This past week, the Egyptian newspaper al-Akhbar editorialized on a theme repeated periodically in the Arab press ever since US-led forces invaded Saddam Hussein’s Iraq at the start of this year. As the editorial puts it, “The US has obviously not absorbed the hard lesson it was taught in the Vietnam war.”



Referring to “55 thousand Americans... killed during combat operations...” in Vietnam, the Egyptian newspaper states, “The Bush Administration has dragged its military to a similar fate in Iraq. It is repeating the same mistakes over and over again.” The newspaper notes, “the number of troops sent were more than 500,000. Still, no victory was achieved there [in Vietnam]. ...In the end, they withdrew, burdened with defeat and heavy losses.”

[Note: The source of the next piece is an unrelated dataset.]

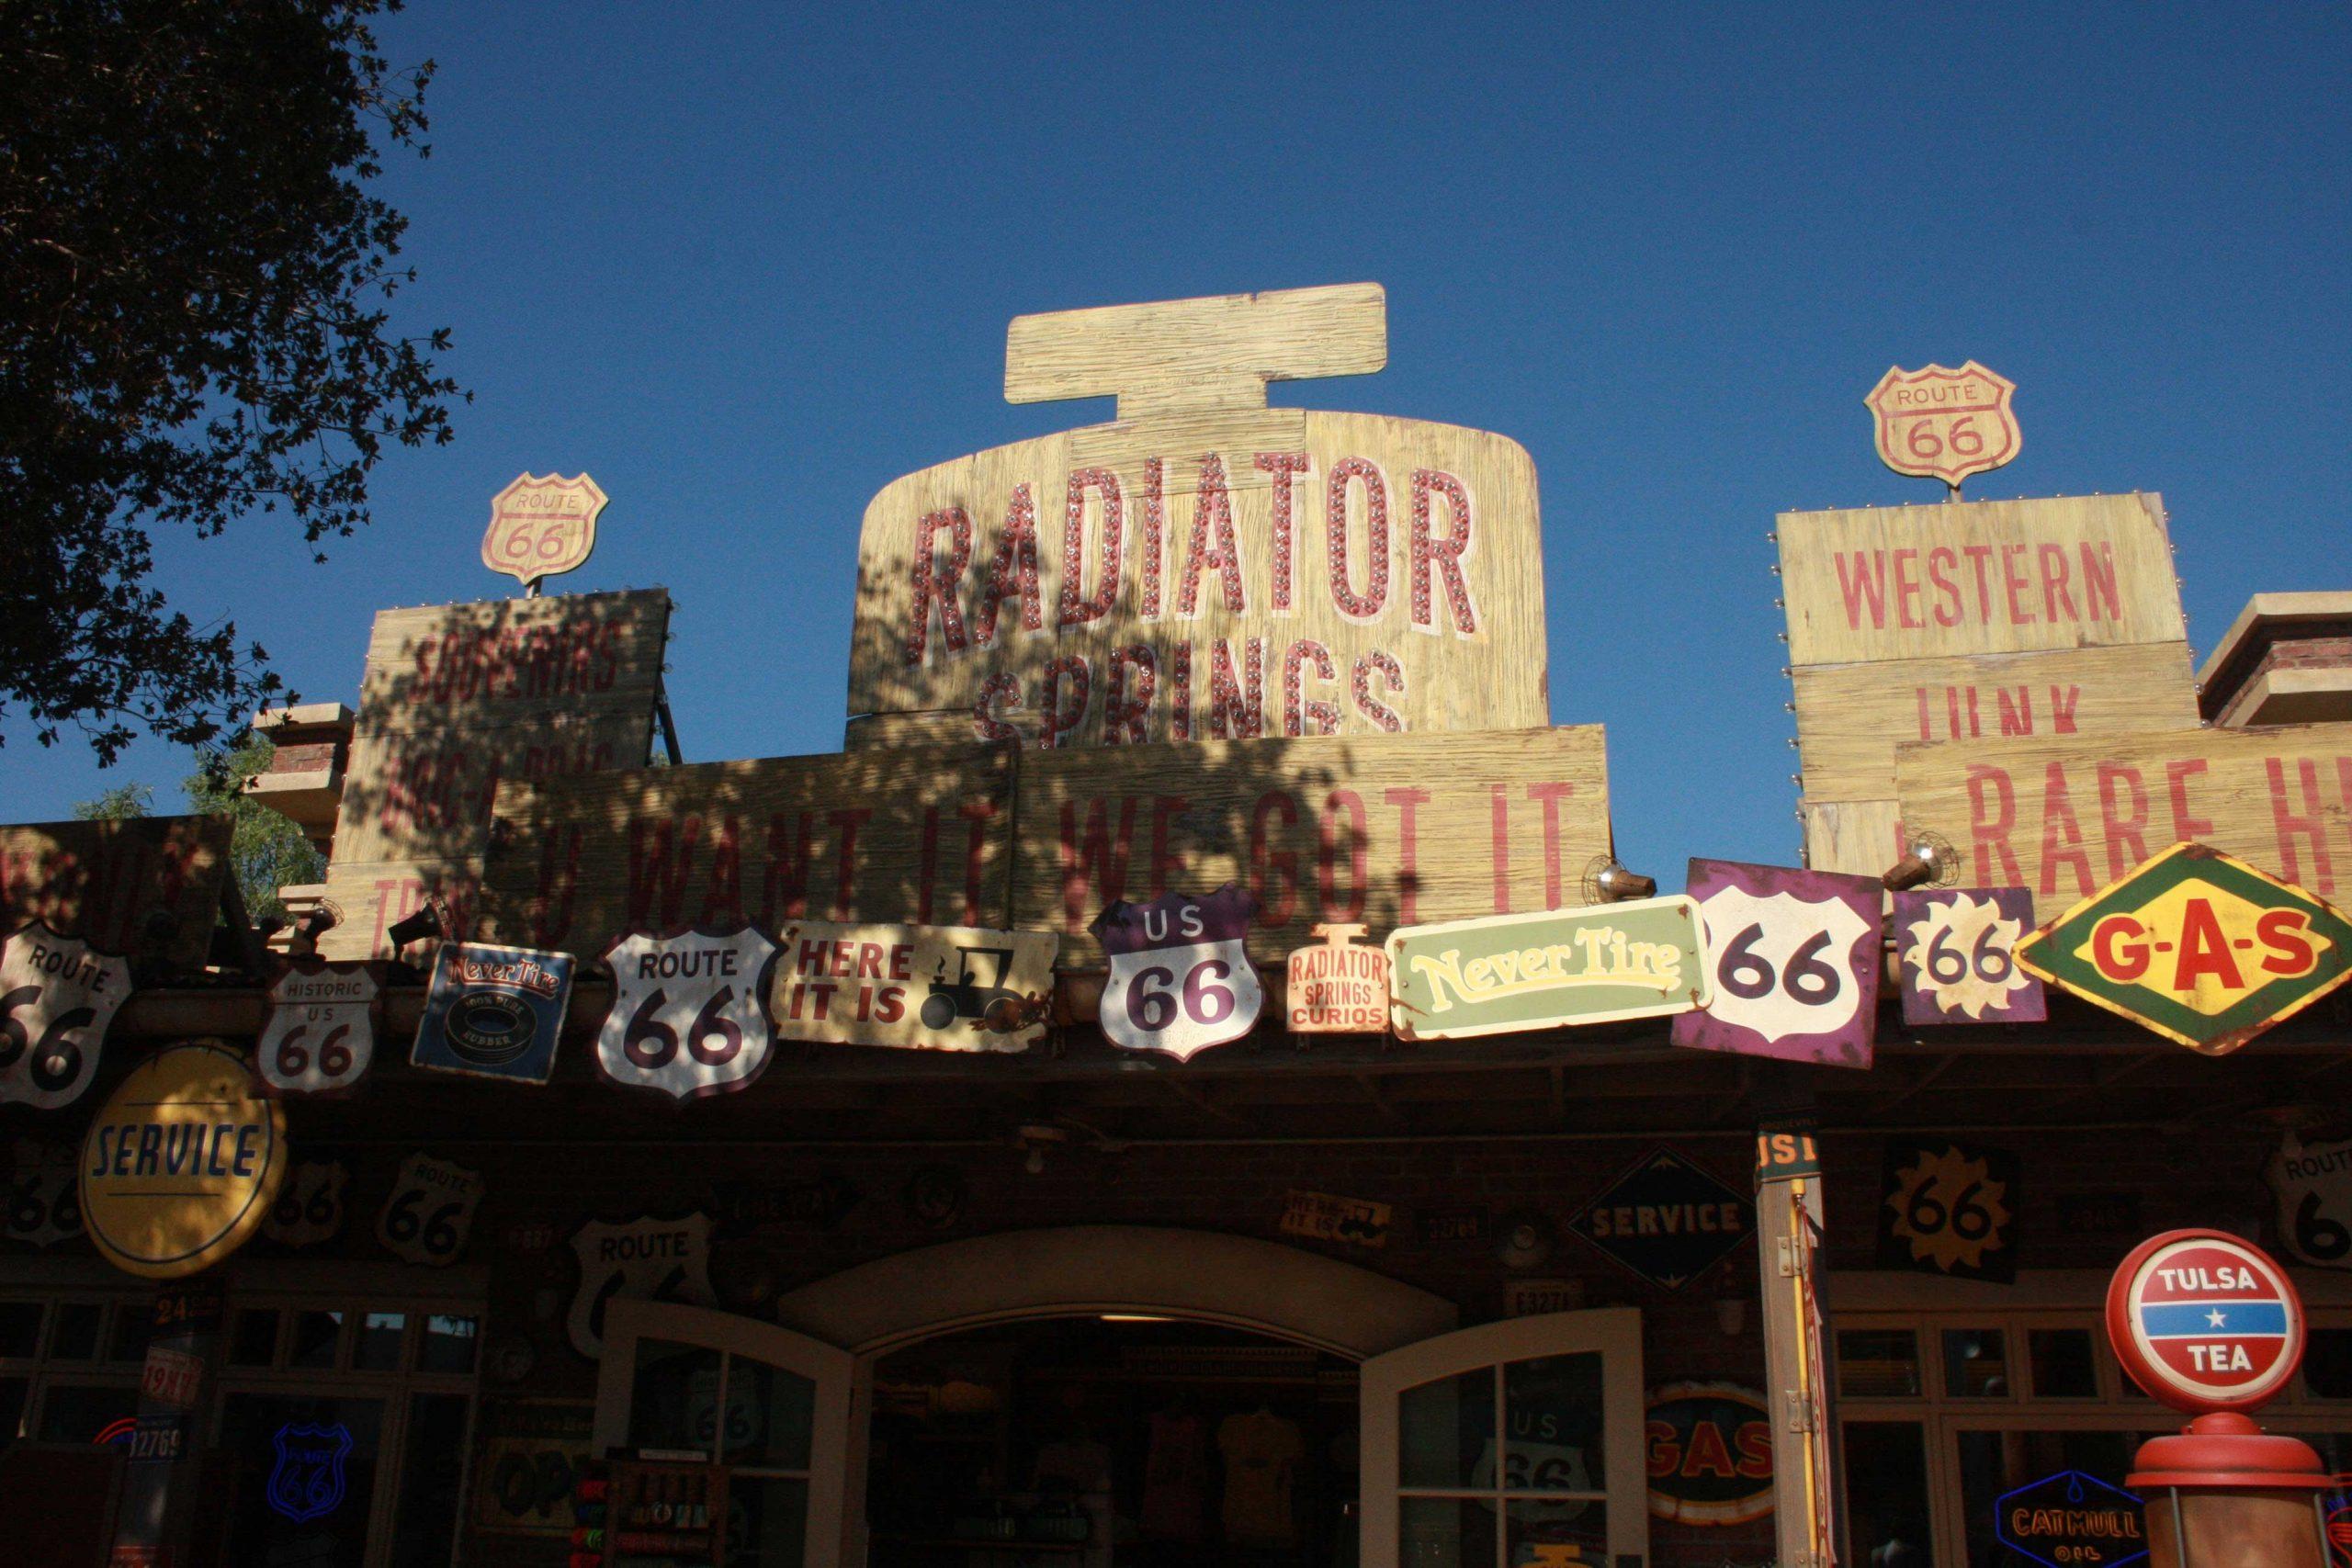 Radiator Springs Curios Wanderdisney

Not just the US defeat and demoralization in Vietnam will be repeated today in Iraq, according to al-Akhbar, but as in Vietnam “American soldiers were... involved in killing POWs, raping women and wiping out whole villages...” so, too, the Egyptian editors claim, “[m]any of the crimes committed by American soldiers in Vietnam are repeated now in Iraq.”



On a strategic level, as well, the Egyptian newspaper finds parallels between the US war in Vietnam and in Iraq: “In both instances partitioning was America's main goal. To achieve this, banned weapons were used, human rights violated and puppet regimes installed.”



In conclusion, al-Akhbar concludes, as have many other Arab newspaper editors and commentators, that “[i]n all probability, the US is heading towards a Vietnam-like disaster.”